Artist Walid Raad (b. 1967, Lebanon) will deliver a lecture this Wednesday, February 22 in Taylor 203 at 5:30pm. Using various media, including photography, video, sculpture, and performance, Raad’s work is “dedicated to exploring the veracity of photographic and video documents in the public realm, the role of memory and narrative within discourses of conflict, and the construction of histories of art in the Arab world” (MoMA site). Raad’s experiences of living in Lebanon during the civil war (1975–91), and of the various socioeconomic and military policies that have shaped the Middle East over the last few decades, have had an immense effect on his work.

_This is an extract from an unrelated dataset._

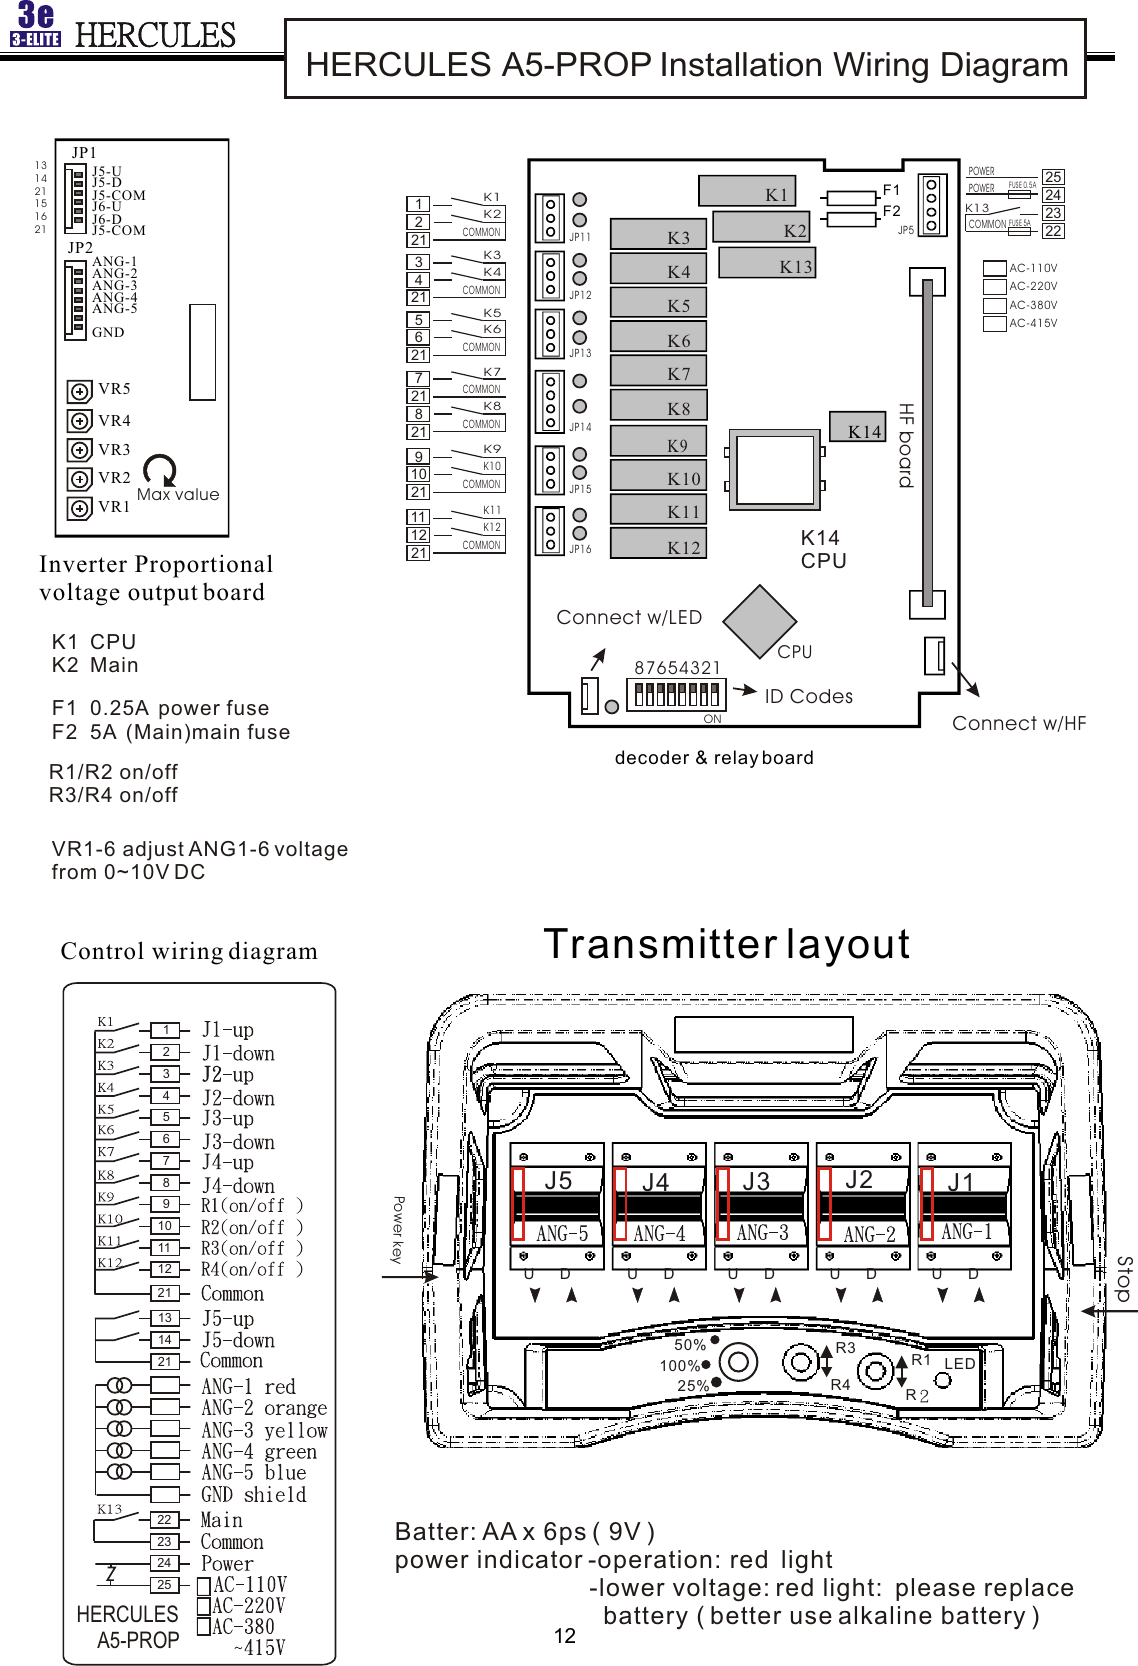 HERCULES A5-PROP Installation Wiring Diagram  K1  K2  CPUMainF1  0.25A  power fuseF2  5A  (Main)main fuse JP2JP1J5-UControl wiring diagramInverter Proportional  voltage output board22232425   HERCULES    A5-PROPBatter: AA x 6ps ( 9V )power indicator -operation: red  light                            -lower voltage: red light:  please replace                              battery ( better use alkaline battery )Transmitter layout12345678910111221J5-DJ5-COMJ6-UJ6-DJ5-COMANG-5GNDANG-1ANG-2ANG-3ANG-4VR5VR4VR3VR2VR1131421Max valueVR1-6 adjust ANG1-6 voltagefrom 0~10V DC13142115162187654321CPUON  decoder &amp; relay board  K14JP11K14  CPUJP12JP13JP14JP15JP16 K10K11K12K3K4K5K6K7K8 K9K2K1K13Connect w/LEDID CodesF1K13COMMON FUSE 5APOWERPOWER FUSE 0.5AJP5F2AC-110VAC-220VAC-380VAC-415V25242322Connect w/HFHF board           K1K2COMMONK3K4COMMONK5K6COMMONK8COMMONK9K10COMMONK7COMMON  K11K12COMMON12213421562178212121219101112 R1/R2 on/offR3/R4 on/offStopLEDR1RR3R450%100%25%U      DJ1J2J3J4J5U      DU      DU      DU      DPower key12

Raad’s works include The Atlas Group, a fifteen-year project between 1989 and 2004 about the contemporary history of Lebanon, and the ongoing projects Scratching on Things I Could Disavow and Sweet Talk: Commissions (Beirut). Both The Atlas Group and Scratching on things I could disavow were featured in an exhibition in the Museum of Modern Art from October 2015 through January 2016.
A Professor of Art in The Cooper Union, Raad has published several books, including Walkthrough, The Truth Will Be Known When The Last Witness Is Dead, My Neck Is Thinner Than A Hair, Let’s Be Honest The Weather Helped, and Scratching on Things I Could Disavow.